DIRECTIONS. Print exactly those lines that run from the beginning of the data to the line bearing "AGDA Newsletter-2.jpg", inclusive.

━━━━━━━━━━━━━━━━

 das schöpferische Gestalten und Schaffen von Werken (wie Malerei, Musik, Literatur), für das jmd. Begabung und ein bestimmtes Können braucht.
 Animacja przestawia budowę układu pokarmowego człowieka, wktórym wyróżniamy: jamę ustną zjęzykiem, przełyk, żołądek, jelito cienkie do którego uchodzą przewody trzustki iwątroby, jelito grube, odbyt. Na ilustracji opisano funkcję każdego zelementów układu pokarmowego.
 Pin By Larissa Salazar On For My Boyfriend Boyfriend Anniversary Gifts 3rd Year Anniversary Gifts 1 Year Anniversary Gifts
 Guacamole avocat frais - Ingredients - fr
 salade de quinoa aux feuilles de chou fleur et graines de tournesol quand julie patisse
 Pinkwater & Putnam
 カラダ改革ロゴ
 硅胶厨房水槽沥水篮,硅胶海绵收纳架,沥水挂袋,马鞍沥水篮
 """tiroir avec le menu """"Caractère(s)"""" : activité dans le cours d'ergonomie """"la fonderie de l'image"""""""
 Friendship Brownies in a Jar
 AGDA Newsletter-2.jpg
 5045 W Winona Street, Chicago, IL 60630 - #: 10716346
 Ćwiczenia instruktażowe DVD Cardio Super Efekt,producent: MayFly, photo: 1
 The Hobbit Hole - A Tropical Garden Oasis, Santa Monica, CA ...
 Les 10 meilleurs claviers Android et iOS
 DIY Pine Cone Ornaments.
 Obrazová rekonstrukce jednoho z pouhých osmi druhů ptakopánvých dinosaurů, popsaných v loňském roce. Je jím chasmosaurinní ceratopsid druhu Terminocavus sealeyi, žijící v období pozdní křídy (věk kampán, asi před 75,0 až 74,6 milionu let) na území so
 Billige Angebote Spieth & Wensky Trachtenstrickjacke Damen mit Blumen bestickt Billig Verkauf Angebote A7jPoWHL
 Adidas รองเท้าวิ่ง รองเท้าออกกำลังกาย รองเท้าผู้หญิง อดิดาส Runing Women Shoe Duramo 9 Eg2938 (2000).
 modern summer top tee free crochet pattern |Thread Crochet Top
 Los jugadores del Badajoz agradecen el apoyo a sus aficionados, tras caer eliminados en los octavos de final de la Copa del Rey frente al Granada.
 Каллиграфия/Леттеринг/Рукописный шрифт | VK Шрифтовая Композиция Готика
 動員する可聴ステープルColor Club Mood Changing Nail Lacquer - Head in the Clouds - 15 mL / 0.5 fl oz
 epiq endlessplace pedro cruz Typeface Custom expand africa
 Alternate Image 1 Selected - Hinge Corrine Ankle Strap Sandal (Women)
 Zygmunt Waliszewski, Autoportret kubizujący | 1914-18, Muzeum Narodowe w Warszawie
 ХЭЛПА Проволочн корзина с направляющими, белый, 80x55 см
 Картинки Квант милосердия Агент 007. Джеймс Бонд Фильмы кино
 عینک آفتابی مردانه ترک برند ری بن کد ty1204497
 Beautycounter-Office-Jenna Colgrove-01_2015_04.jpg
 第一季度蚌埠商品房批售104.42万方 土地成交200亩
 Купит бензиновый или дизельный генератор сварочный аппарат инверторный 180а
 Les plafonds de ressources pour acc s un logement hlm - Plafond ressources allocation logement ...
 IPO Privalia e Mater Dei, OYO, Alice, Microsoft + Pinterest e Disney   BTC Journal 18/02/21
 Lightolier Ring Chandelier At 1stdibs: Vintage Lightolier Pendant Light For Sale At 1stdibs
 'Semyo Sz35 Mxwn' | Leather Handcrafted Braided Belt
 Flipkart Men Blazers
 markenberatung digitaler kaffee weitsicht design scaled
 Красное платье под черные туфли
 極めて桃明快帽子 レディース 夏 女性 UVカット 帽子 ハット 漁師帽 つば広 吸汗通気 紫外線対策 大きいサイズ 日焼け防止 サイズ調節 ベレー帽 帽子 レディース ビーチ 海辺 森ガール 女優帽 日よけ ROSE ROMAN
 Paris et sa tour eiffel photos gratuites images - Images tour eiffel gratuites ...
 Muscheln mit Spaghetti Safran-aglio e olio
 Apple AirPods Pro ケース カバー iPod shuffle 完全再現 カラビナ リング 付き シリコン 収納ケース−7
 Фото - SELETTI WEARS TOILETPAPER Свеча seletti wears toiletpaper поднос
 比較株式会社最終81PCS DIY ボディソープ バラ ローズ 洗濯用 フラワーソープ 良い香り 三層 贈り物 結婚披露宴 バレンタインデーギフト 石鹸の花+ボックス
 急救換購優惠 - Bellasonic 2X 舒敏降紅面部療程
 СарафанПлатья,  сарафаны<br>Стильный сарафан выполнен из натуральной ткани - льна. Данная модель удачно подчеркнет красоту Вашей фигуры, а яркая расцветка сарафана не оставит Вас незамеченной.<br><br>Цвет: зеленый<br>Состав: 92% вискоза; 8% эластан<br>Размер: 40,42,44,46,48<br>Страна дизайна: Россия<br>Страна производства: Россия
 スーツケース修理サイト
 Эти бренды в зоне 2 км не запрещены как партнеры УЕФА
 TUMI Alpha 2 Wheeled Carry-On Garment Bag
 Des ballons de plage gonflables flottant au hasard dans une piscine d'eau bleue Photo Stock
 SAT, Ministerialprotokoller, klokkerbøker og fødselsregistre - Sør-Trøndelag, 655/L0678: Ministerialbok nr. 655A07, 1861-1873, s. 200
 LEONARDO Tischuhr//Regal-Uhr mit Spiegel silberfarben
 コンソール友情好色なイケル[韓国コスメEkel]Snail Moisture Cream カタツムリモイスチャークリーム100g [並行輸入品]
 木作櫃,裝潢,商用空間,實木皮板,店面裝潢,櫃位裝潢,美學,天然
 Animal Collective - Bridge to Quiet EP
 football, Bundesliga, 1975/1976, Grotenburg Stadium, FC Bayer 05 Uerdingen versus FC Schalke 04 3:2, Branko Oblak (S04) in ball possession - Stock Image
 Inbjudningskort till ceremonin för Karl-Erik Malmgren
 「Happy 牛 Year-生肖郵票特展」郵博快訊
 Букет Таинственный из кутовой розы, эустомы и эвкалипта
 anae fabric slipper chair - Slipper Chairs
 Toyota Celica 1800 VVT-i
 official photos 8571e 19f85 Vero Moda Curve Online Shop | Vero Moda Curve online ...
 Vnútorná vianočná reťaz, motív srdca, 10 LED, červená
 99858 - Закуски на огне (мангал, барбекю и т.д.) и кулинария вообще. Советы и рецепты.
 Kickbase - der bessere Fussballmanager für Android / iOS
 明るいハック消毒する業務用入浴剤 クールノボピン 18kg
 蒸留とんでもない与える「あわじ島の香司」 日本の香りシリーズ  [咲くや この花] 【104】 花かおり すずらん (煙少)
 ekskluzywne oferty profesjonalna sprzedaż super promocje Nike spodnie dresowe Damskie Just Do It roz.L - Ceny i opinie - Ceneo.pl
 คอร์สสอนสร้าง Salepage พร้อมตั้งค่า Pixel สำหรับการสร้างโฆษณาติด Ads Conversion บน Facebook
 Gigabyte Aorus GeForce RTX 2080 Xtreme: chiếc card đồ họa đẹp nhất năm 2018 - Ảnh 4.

━━━━━━━━━━━━━━━━

RESPONSE FOR THIS EXERCISE.
 das schöpferische Gestalten und Schaffen von Werken (wie Malerei, Musik, Literatur), für das jmd. Begabung und ein bestimmtes Können braucht.
 Animacja przestawia budowę układu pokarmowego człowieka, wktórym wyróżniamy: jamę ustną zjęzykiem, przełyk, żołądek, jelito cienkie do którego uchodzą przewody trzustki iwątroby, jelito grube, odbyt. Na ilustracji opisano funkcję każdego zelementów układu pokarmowego.
 Pin By Larissa Salazar On For My Boyfriend Boyfriend Anniversary Gifts 3rd Year Anniversary Gifts 1 Year Anniversary Gifts
 Guacamole avocat frais - Ingredients - fr
 salade de quinoa aux feuilles de chou fleur et graines de tournesol quand julie patisse
 Pinkwater & Putnam
 カラダ改革ロゴ
 硅胶厨房水槽沥水篮,硅胶海绵收纳架,沥水挂袋,马鞍沥水篮
 """tiroir avec le menu """"Caractère(s)"""" : activité dans le cours d'ergonomie """"la fonderie de l'image"""""""
 Friendship Brownies in a Jar
 AGDA Newsletter-2.jpg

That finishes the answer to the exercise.